それはあった。それは二度とないだろう。思い出せ。

『キング・コング』(メリアン・C・クーパー、アーネスト・B・シュードサック)

 

 世間では『ゴジラ-1.0』が賛否両論盛り上がってますが、個人的にはいまひとつ食指が動かず。でも何かそのジャンルの作品を見たいと思い、『キング・コング』オリジナル1933年版を鑑賞。絶海の孤島で神と崇められる怪獣キング・コングを描く特撮映画の古典的名作であり、様々な怪獣映画のオリジンだ。これまた大昔に見て以来の再見。

 

 本作は『ロスト・ワールド』(1925年)に続いて、特技監督ウィリス・オブライエンハリーハウゼンのお師匠さん)のストップモーションアニメが大きな見せ場。

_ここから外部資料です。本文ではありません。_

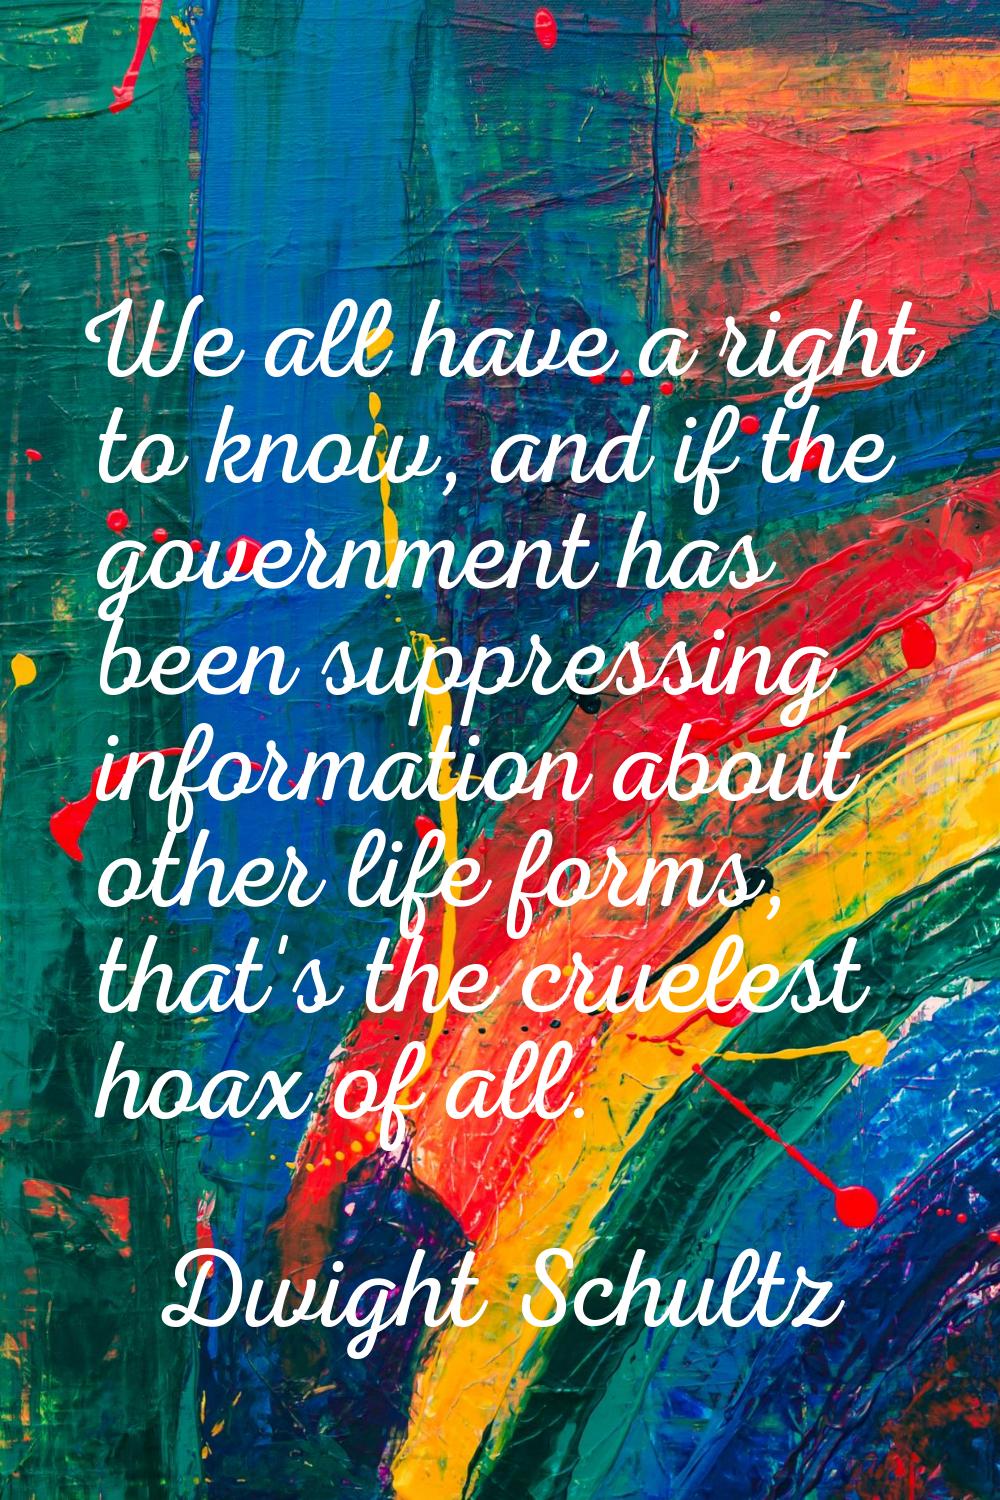 We all have a right to know, and if the government has been suppressing information about other lif

コングと恐竜の格闘場面は今見ても迫力がある。コングがとても表情豊かで、初めてフェイ・レイを見た時の「わー!可愛い!」と言いたげな顔や仕草など実に味わい深い。

 

 改めて見ると結構描写は残酷で、死人続出。人間が死ぬ様子をちゃんとそれと分かるように撮っているのがとても印象的だった。髑髏島に渡ってからの恐怖演出については、ピーター・ジャクソンのリメイク版がキツかった訳ではなく、原典に忠実なだけだった。特にギラーミン版、ピー・ジャク版でも印象的だった丸太の橋を渡る場面。クルーが振り落とされて落下死する様がしつこく描写されるのはオリジナル通り。

 

 そもそもの元凶は映画監督デナム。オリジナル版でもデナムのはた迷惑な活動屋魂はきちんと描かれていた。カメラマンに逃げられたので監督自らカメラを廻す様子は今も昔も変わらぬインディペンデント映画の製作現場か。デナムのキャラクターを強調したのがピーター・ジャクソン版で、ジャック・ブラックが演じていた。ブラックはオーソン・ウェルズのつもりで演じていたとインタビューで語っていた。

 

 クライマックスはリメイク版でも再現された高所アクション。自分は極度の高所恐怖症なので、こんなモノクロのボヤけた画質の合成丸分かりの映像でも緊張で身を固くしてしまうのだった。ラストなんてフェイ・レイそんな端にいたら危ないよーと(落ちる訳はないと分かってるのに)ヒヤヒヤしてしまった。

 

 ちなみにギラーミン版(1976年)は子供の頃映画館で見た。同時上映は鈴木則文の実写『ドカベン』。もしかすると映画館で初めて見た洋画がギラーミン版『キング・コング』だったかもしれない。多分そんな気がする。